Bulk 1T′-MoTe₂ shows a structural phase transition from the 1T′ to Weyl semimetallic (WSM) T_d phase at ∼240 K. This phase transition and transport properties in the two phases have not been investigated on ultra-thin crystals. Here we report electrical transport, 1/f noise and Raman studies on ultra-thin 1T′-MoTe₂ (∼5 to 16 nm thick) field-effect transistor (FETs) devices as a function of temperature. The electrical resistivities for a thickness of 16 nm and 11 nm show maxima at temperatures of 208 K and 178 K, respectively, making a transition from the semiconducting to semi-metallic phase, hitherto not observed in bulk samples.

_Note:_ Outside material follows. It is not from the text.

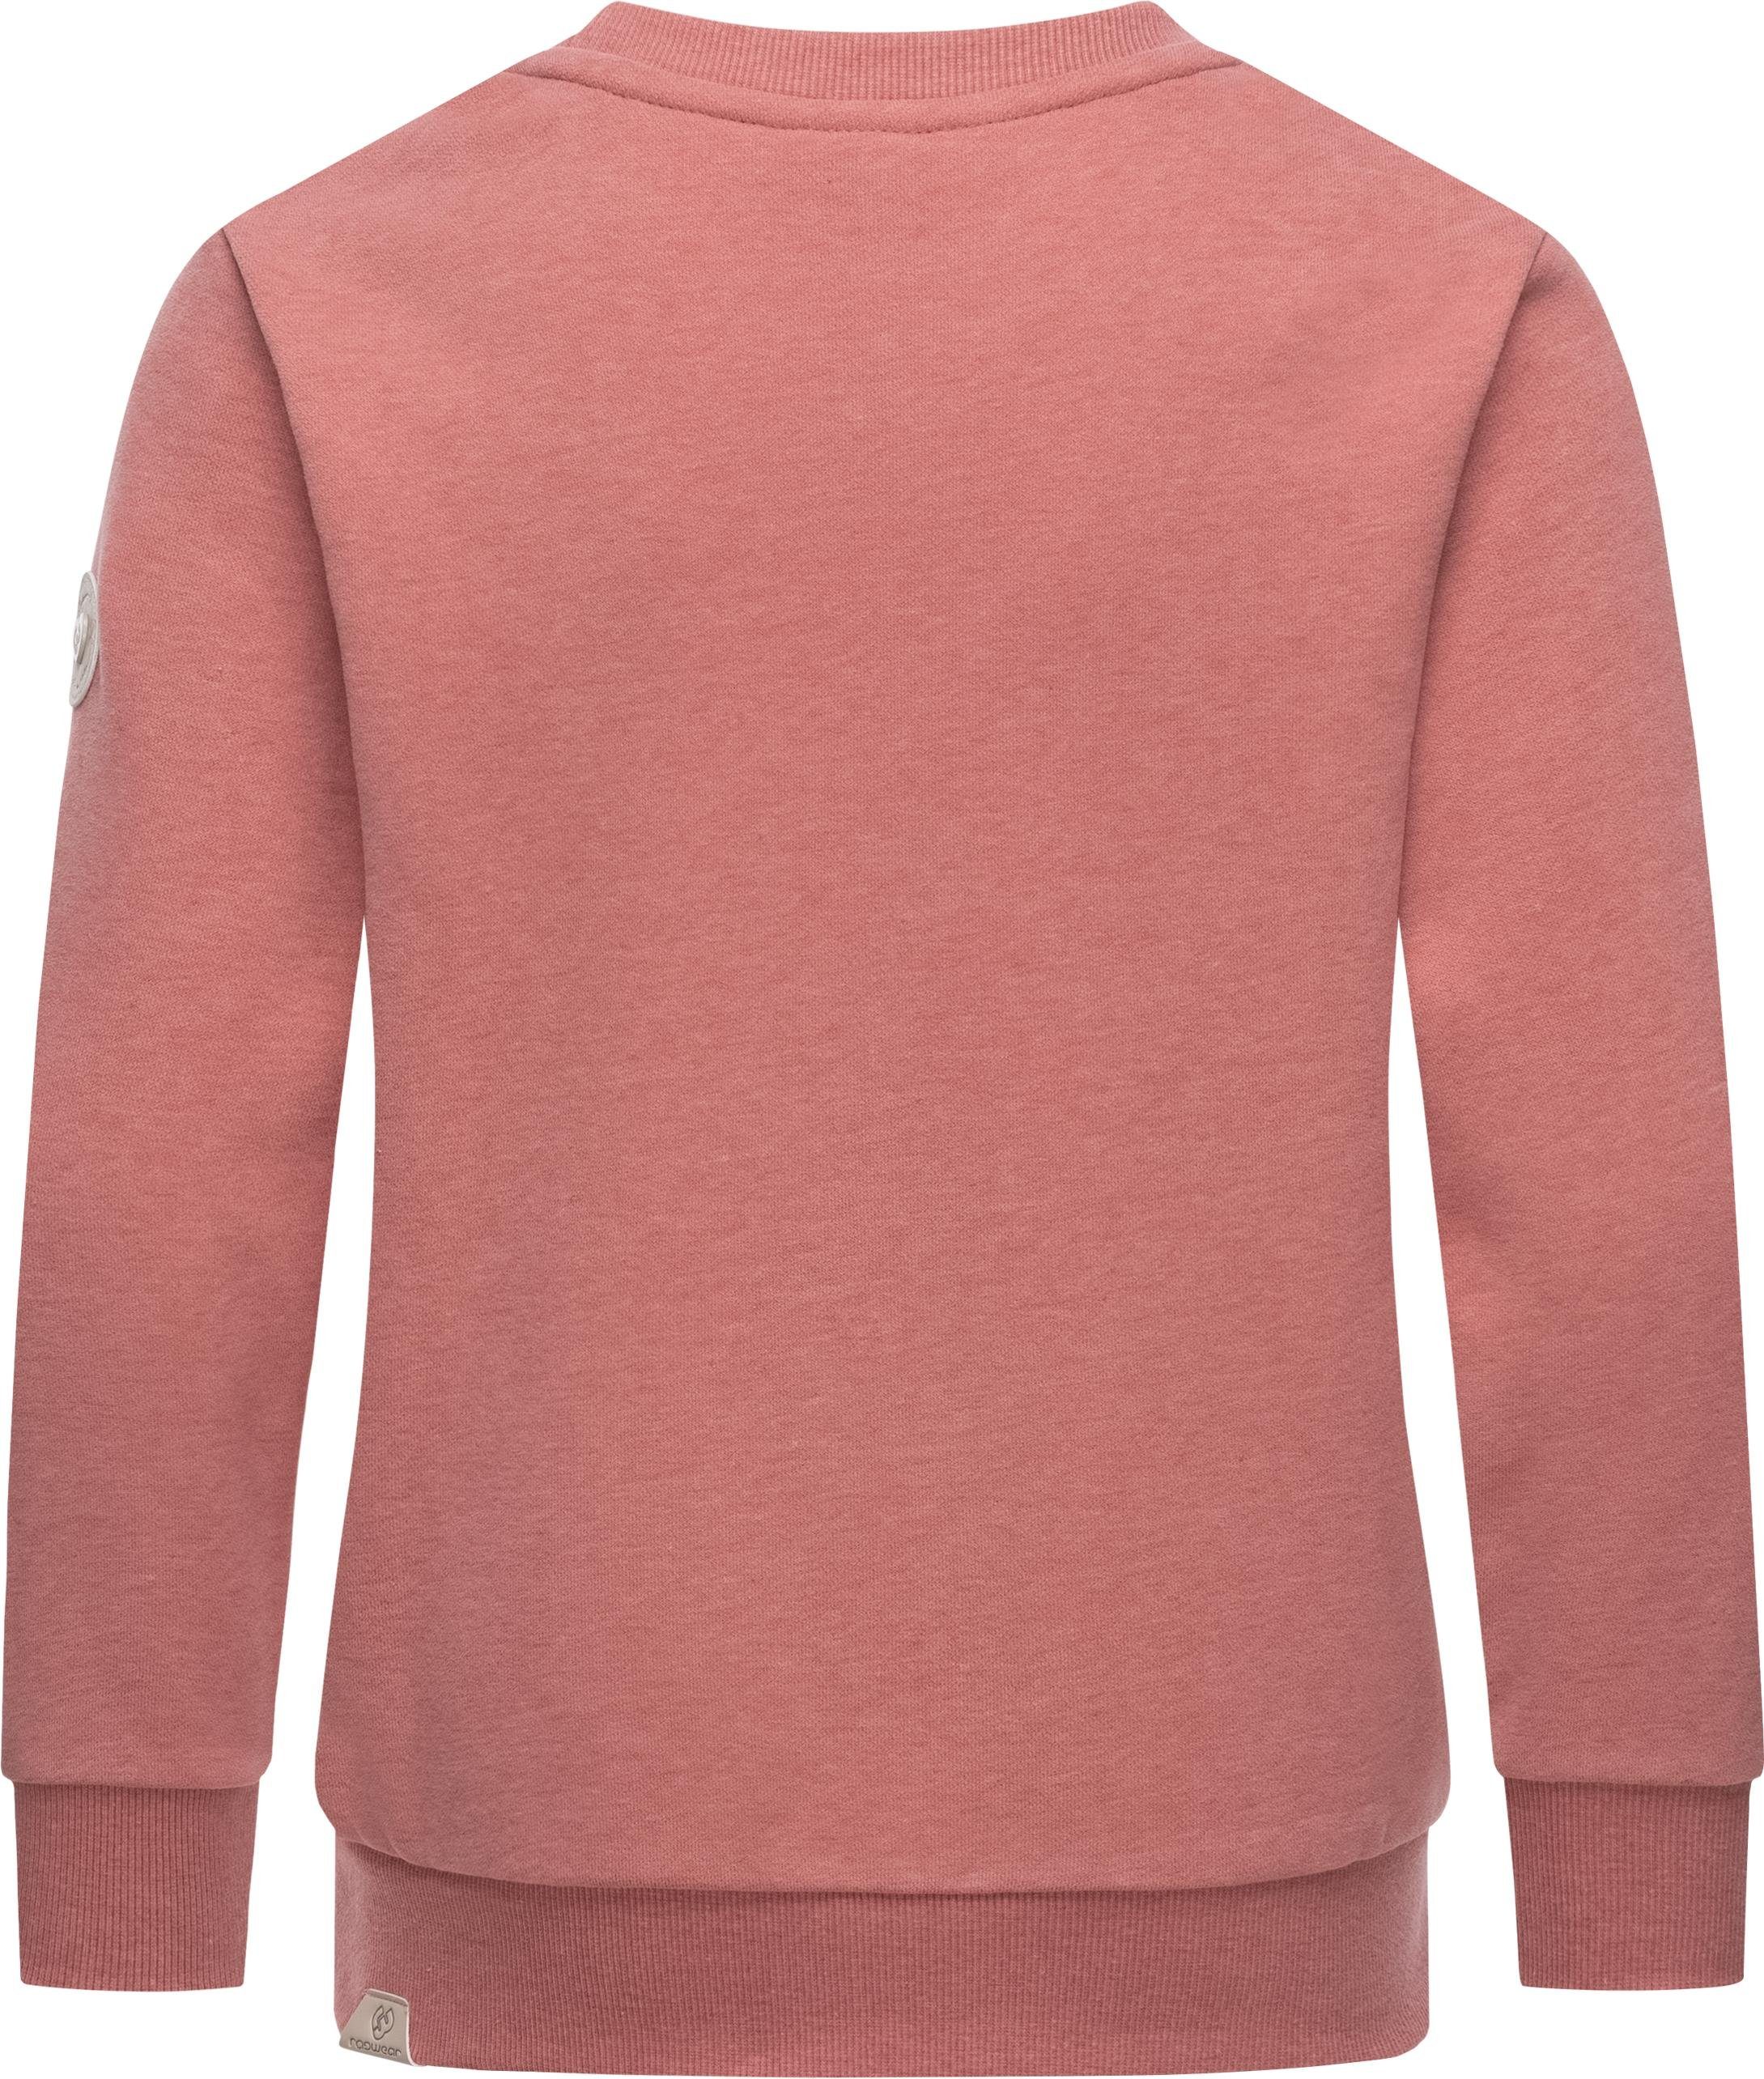 Print coolem Mädchen stylisches Print rosa Evka mit Sweatshirt Sweater Logo Ragwear

Raman frequencies and linewidths for an 11 nm thick crystal show a change around 178 K, attributed to the additional contribution to the phonon self-energy due to the enhanced electron–phonon interaction in the WSM phase. Furthermore, the resistivity at low temperature shows an upturn below 20 K along with the maximum in the power spectral density of the low frequency 1/f noise. The latter rules out the metal–insulator transition (MIT) being responsible for the upturn of resistivity below 20 K. The low temperature resistivity follows ρ ∝ 1/T, changing to ρ ∝ T with increasing temperature supports electron–electron interaction physics at electron–hole symmetric Weyl nodes below 20 K. These observations will pave the way to unravel the properties of the WSM state in layered ultra-thin van der Waals materials.